Try out this model on VESSL Hub.

This example fine-tunes Llama 2 on a code instruction dataset. The code instruction dataset is consisted of 1.6K samples and follows the format of Stanford’s Alpaca dataset. To optimize the training process into a single GPU with moderate memory, the model uses 8 bit quantization and LoRA (Low-Rank Adaptation).

In the code we are referencing under /code/, we added our Python SDK for logging key metrics like loss and learning rate. You can check these values in real-time under Plots.
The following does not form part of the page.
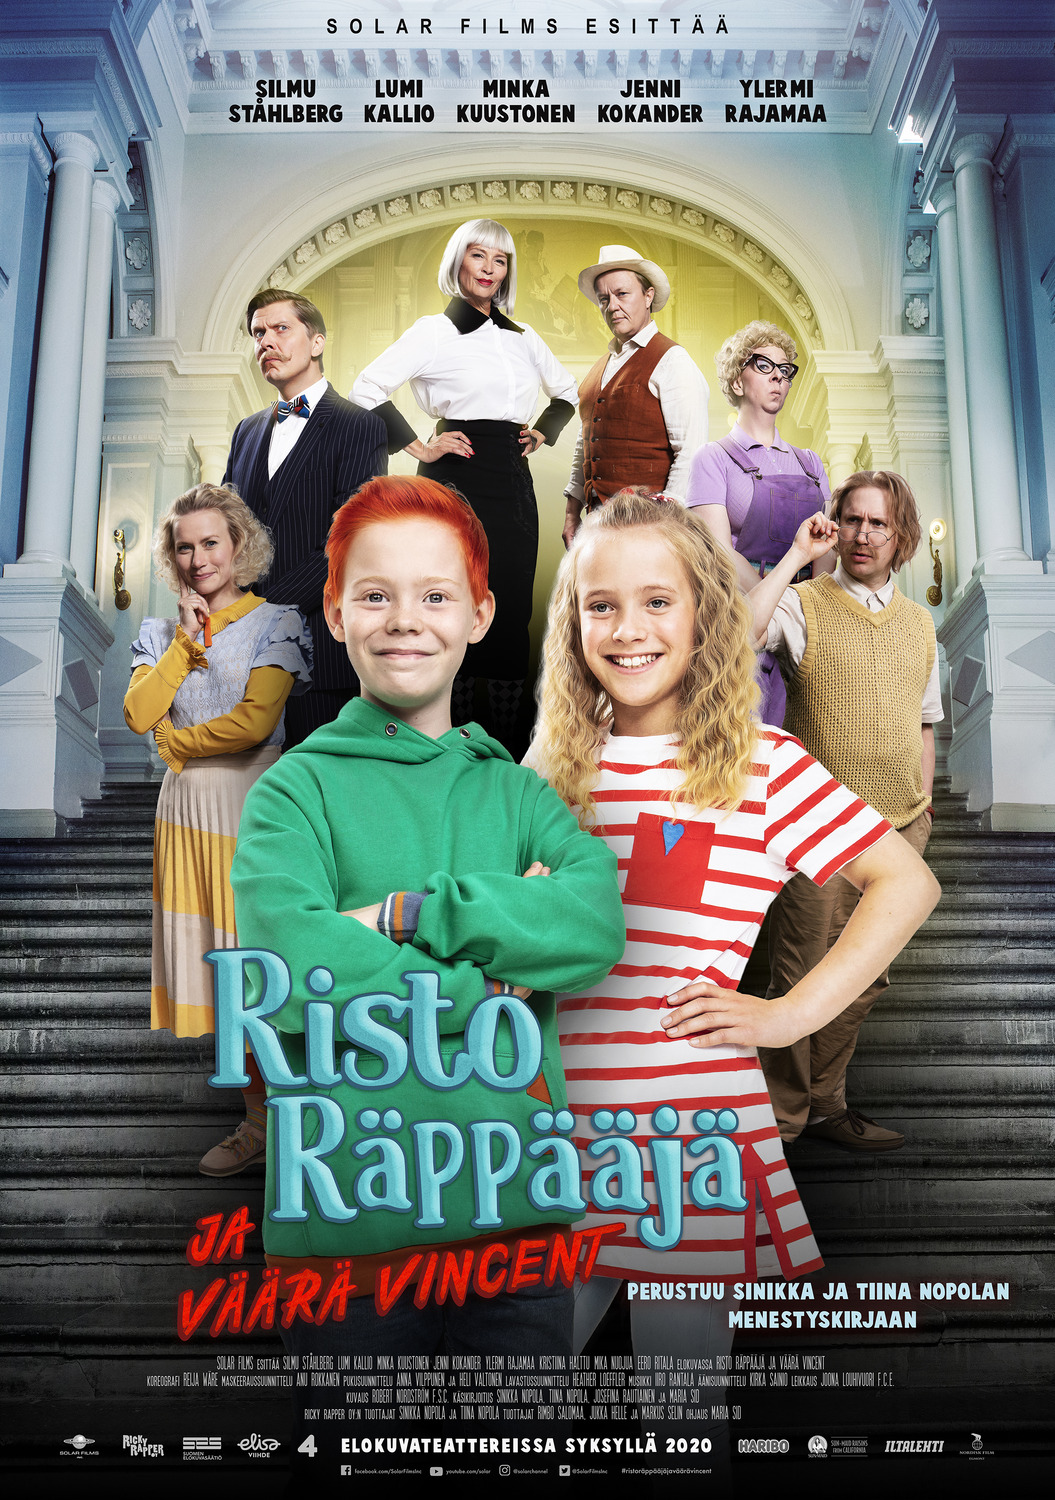 Extra Large Movie Poster Image for Risto Räppääjä ja väärä Vincent

The run completes by uploading the model checkpoint to VESSL AI model registry, as defined under export.

Running the model

You can run the model with our quick command.

vessl run create -f llama2_fine-tuning.yaml

Here’s a rundown of the llama2_fine-tuning.yaml file.

name: llama2-finetuning
description: finetune llama2 with code instruction alpaca dataset
resources:
  cluster: vessl-gcp-oregon
  preset: v1.l4-1.mem-27
image: quay.io/vessl-ai/hub:torch2.1.0-cuda12.2-202312070053
import:
  /model/: vessl-model://vessl-ai/llama2/1
  /code/:
    git:
      url: https://github.com/vessl-ai/hub-model
      ref: main
  /dataset/: vessl-dataset://vessl-ai/code_instructions_small_alpaca
export:
  /trained_model/: vessl-model://vessl-ai/llama2-finetuned
  /artifacts/: vessl-artifact://
run:
  - command: |-
      pip install -r requirements.txt
      mkdir /model_
      cd /model
      mv llama_2_7b_hf.zip /model_
      cd /model_
      unzip llama_2_7b_hf.zip
      cd /code/llama2-finetuning
      python finetuning.py
    workdir: /code/llama2-finetuning